If French presidential elections were held today, Marine Le Pen, the leader of the far-right National Front, could come out on top in the first round. Ms. Le Pen would easily beat the current president, François Hollande, and might even edge out the center-right’s most likely candidate, former President Nicolas Sarkozy, according to recent polls. Voters hostile to the National Front would still band together to hand Marine a defeat in the second round if elections were held today, the same polls show. She would, however, end up carrying between 41 and 45 percent of the vote.

And that poll was held before the migrant crisis convulsed Europe.

The National Front, the party founded by Ms. Le Pen’s father Jean-Marie Le Pen in 1972, has never been as popular as it is today. At the height of his own popularity, Mr. Le Pen won 16.9 percent of the vote in the first round of the 2002 presidential elections, but was soundly defeated in the second round. His daughter, who took over the party leadership in 2011, beat her father’s best showing on her first try, coming in with 17.9 percent of the vote in the 2012 elections. With the atmosphere in France increasingly uncertain, she may well have the shot in 2017 that her father never did.

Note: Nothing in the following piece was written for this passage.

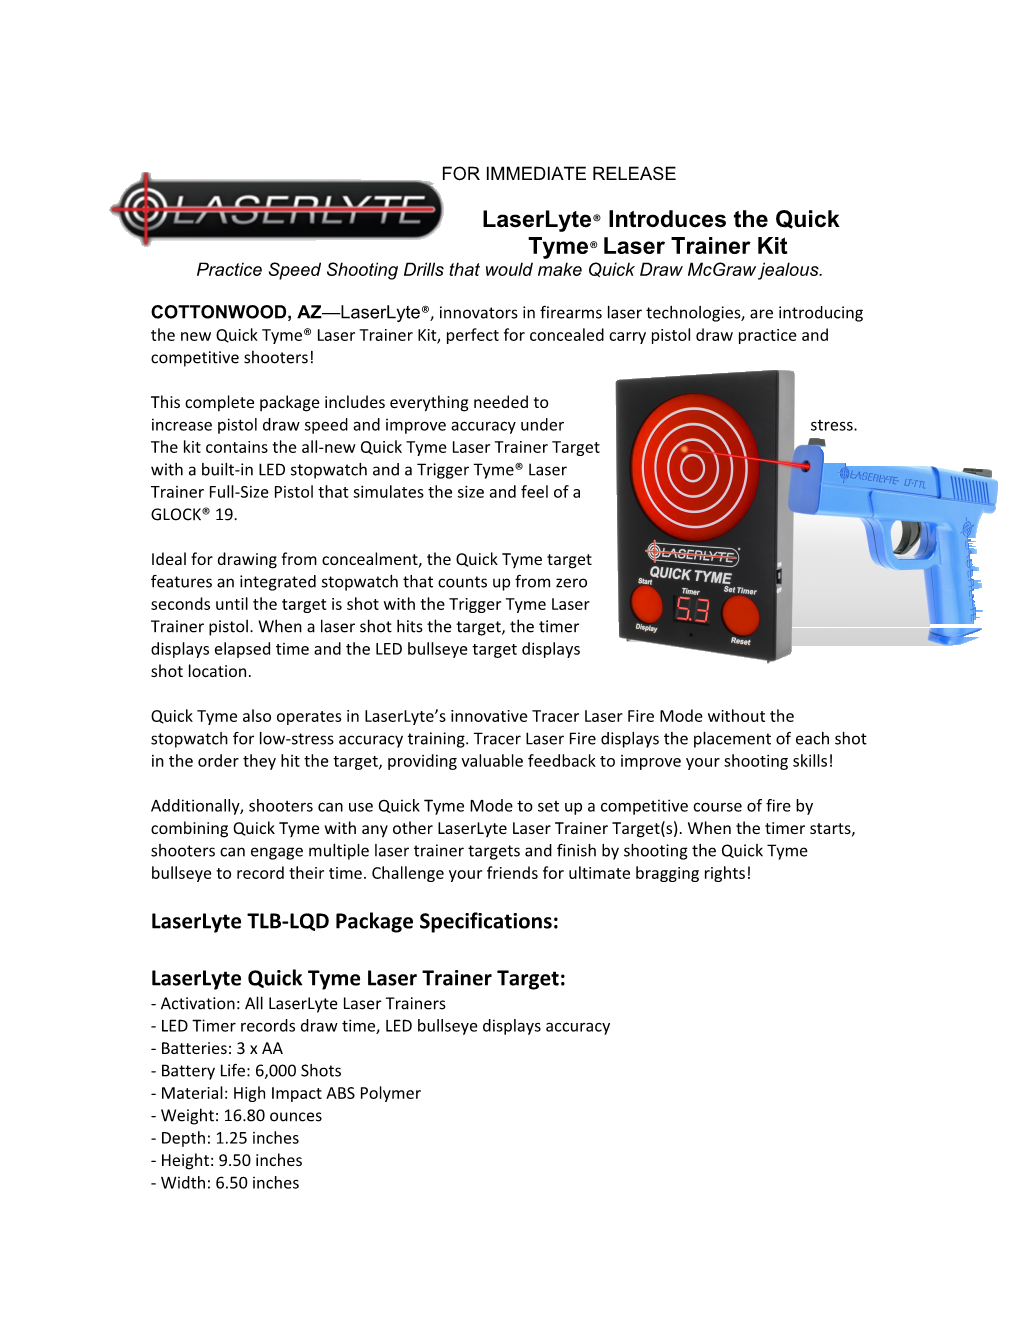 Laserlyte Introduces the Quick Tyme Laser Trainer Kit
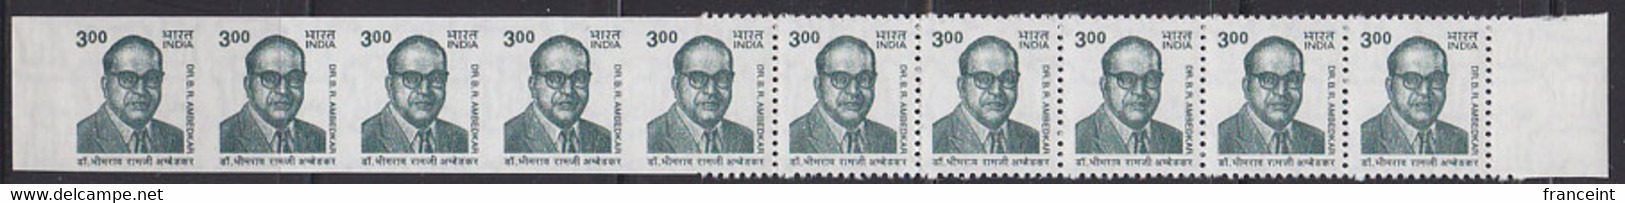 INDIA(2001) B.R. Ambedkar. Strip Of 10 With Left 4 Stamps Totally Imperf And 5th Stamp Imperf On Left. Scott No 1872. - Plaatfouten En Curiosa

And the National Front is not the only far-right party on the popularity upswing. All across Europe, far-right parties are making big strides. In Hungary, the ultranationalist Jobbik party, whose members have been accused of holding rabidly anti-Semitic views, is riding high in the polls and is now the second strongest party in Hungary. In April of this year, Jobbik’s Lajos Rig defeated the favored candidate from the ruling center-right Fidesz in a by-election that the party’s gloating leader, Gabor Vona, described as “historic.” Similar successes are on display in Austria, where the Austrian Freedom Party had one of its best performances in 2013 when it captured 20.5 percent of the vote in parliamentary elections; in Denmark, where the Danish People’s Party is the second largest party in parliament as of the 2015 elections; in the Netherlands, where the anti-immigrant PVV is currently pulling ahead of the mainstream VVD in aggregate polls; and in Finland, where the euroskeptic True Finns have joined the government after getting 13 percent in the latest elections. Even in traditionally left-leaning Sweden, the anti-immigrant Sweden Democrats are the number one force in the country. With far-right parties becoming a rule rather than the exception in mainstream politics, the political landscape in Europe has been transformed.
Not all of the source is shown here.